The columns are not first three columns and I want it to group by column artist then group by column album, and I need it to be case insensitive, preferably without using defaultdict.

This is a minimal reproducible example:

from collections import defaultdict                                               
from itertools import product                                                     
from pandas import DataFrame                                                      
tree = defaultdict(lambda: defaultdict(dict))                                     
columns = {'a': str(), 'b': str(), 'c': str(), 'd': int(), 'e': int(), 'f': int()}
df = DataFrame(columns, index=[])                                                 
for i, j, k in product('abcd', repeat=3):                                         
    tree[i][j][k] = list(map('abcd'.index, (i, j, k)))                            
    df.loc[len(df)] = [i, j, k, *list(map('abcd'.index, (i, j, k)))]

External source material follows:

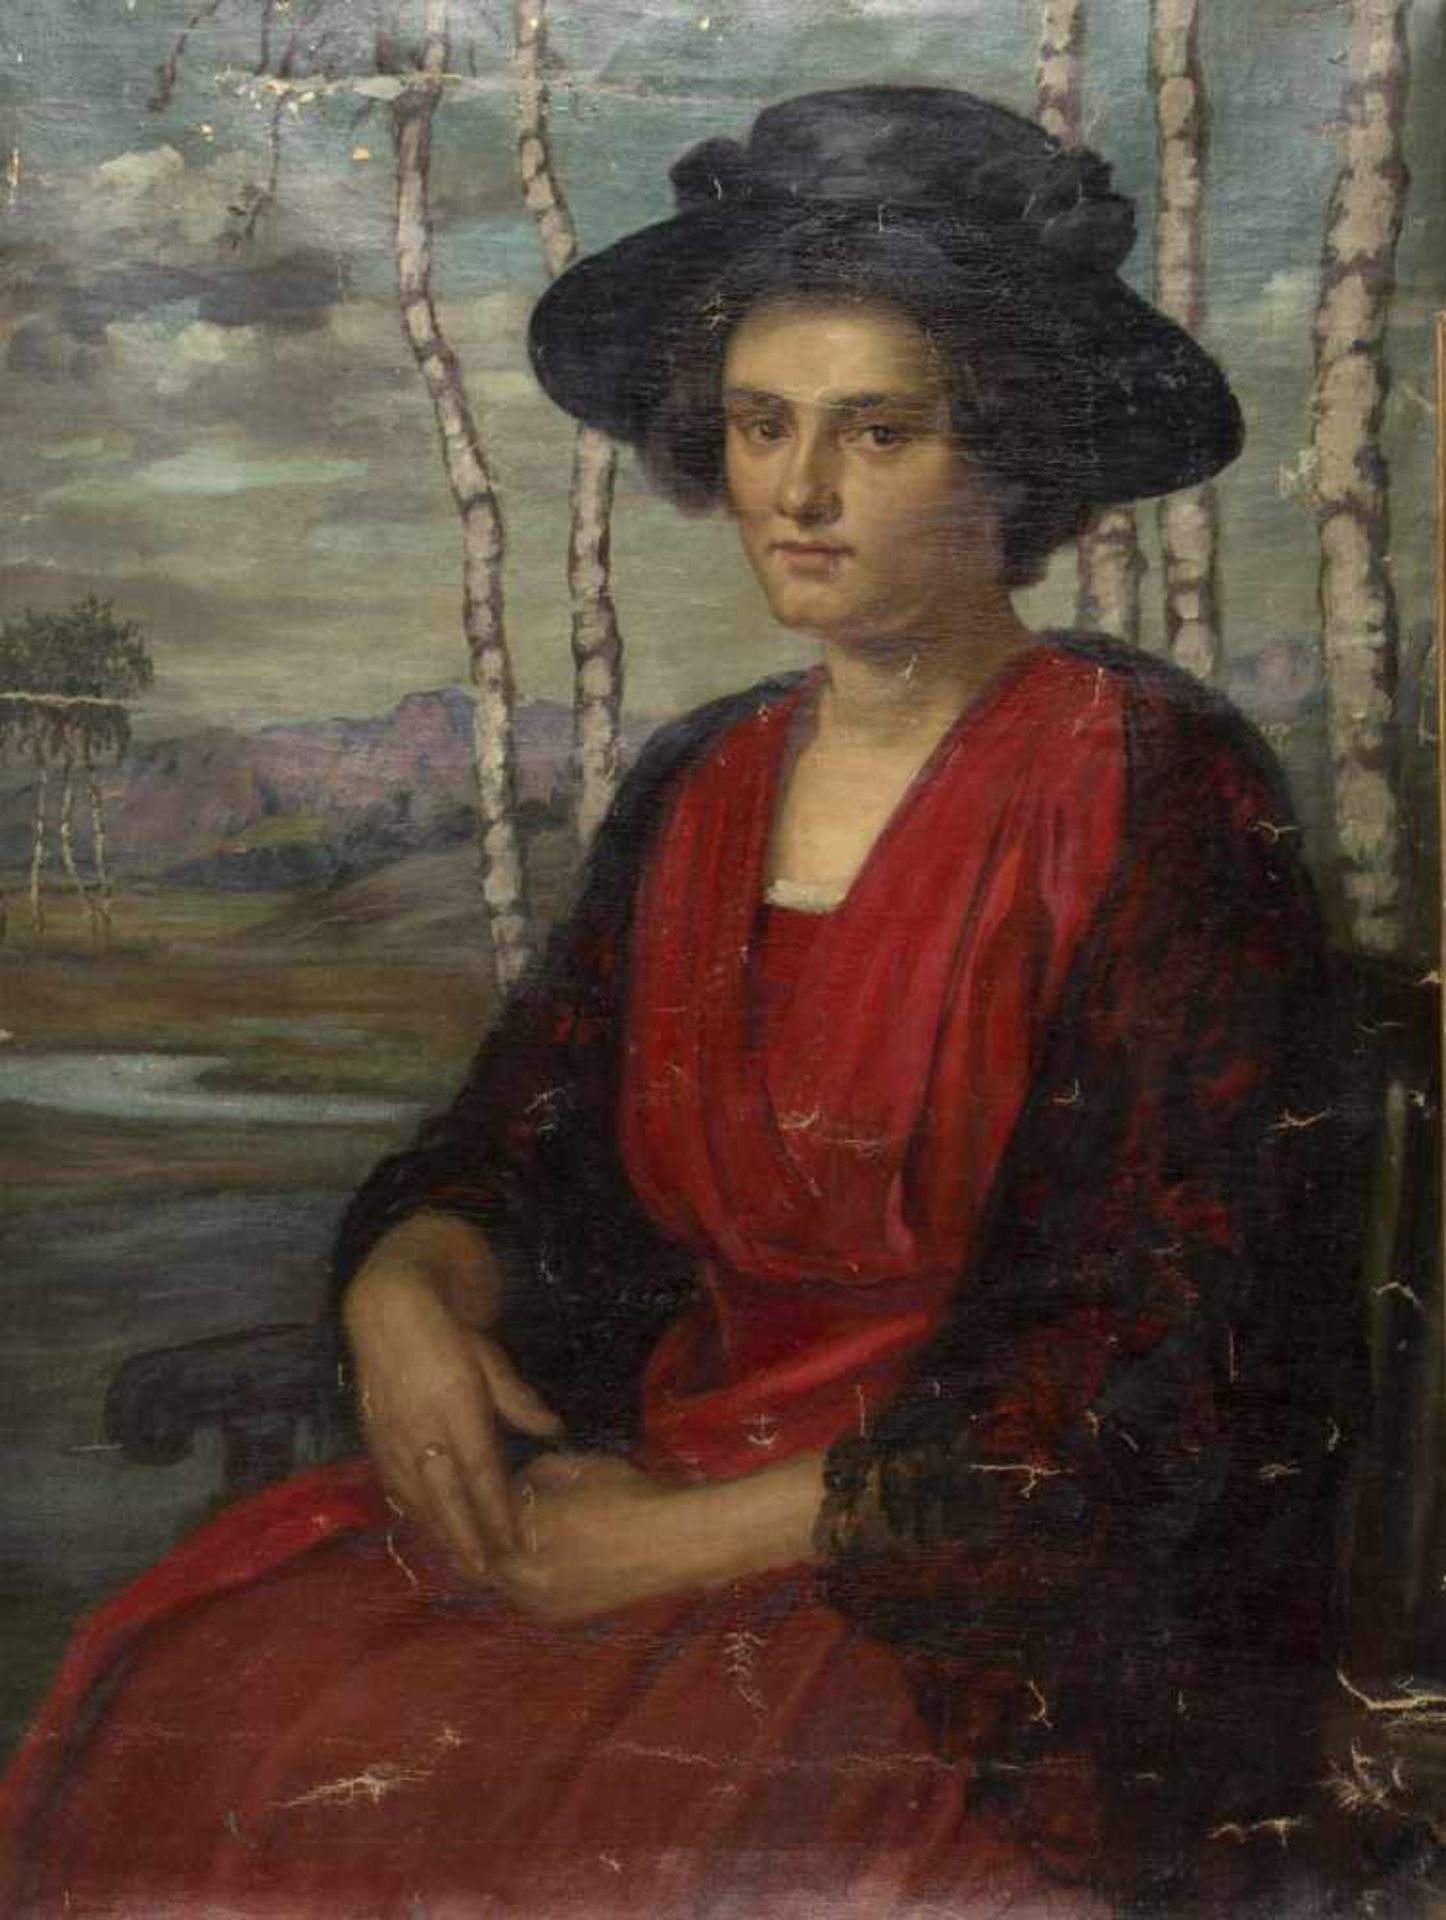 LewyBildnis einer sitzenden Frau vor einer Landschaft mit Birken. Öl/Lwd. 101 x 76,5 cm. Stark

How can I get a nested dictionary similar to tree from df?

I am really sorry I can provide any actual examples because they wouldn't be minimal.

I tried to use .groupby() but I only ever saw it being used with one column and I really don't know what to do with the pandas.core.groupby.generic.DataFrameGroupBy object it returns, I just started using it today.

Currently I can do this:

tree1 = dict()                                                                                  
for index, row in df.iterrows():                                                                
    if not tree1.get(row['a'].lower()):                                                         
        tree1[row['a'].lower()] = dict()                                                        
    if not tree1[row['a'].lower()].get(row['b'].lower()):                                       
        tree1[row['a'].lower()][row['b'].lower()] = dict()                                      
    tree1[row['a'].lower()][row['b'].lower()][row['c'].lower()] = [row['d'], row['e'], row['f']]

I actually implemented case insensitive str and dict but for the sake of brevity (they are very long) I wouldn't use it here.

But according to this answer https://stackoverflow.com/a/55557758/16383578 such method is bad, what is a better way?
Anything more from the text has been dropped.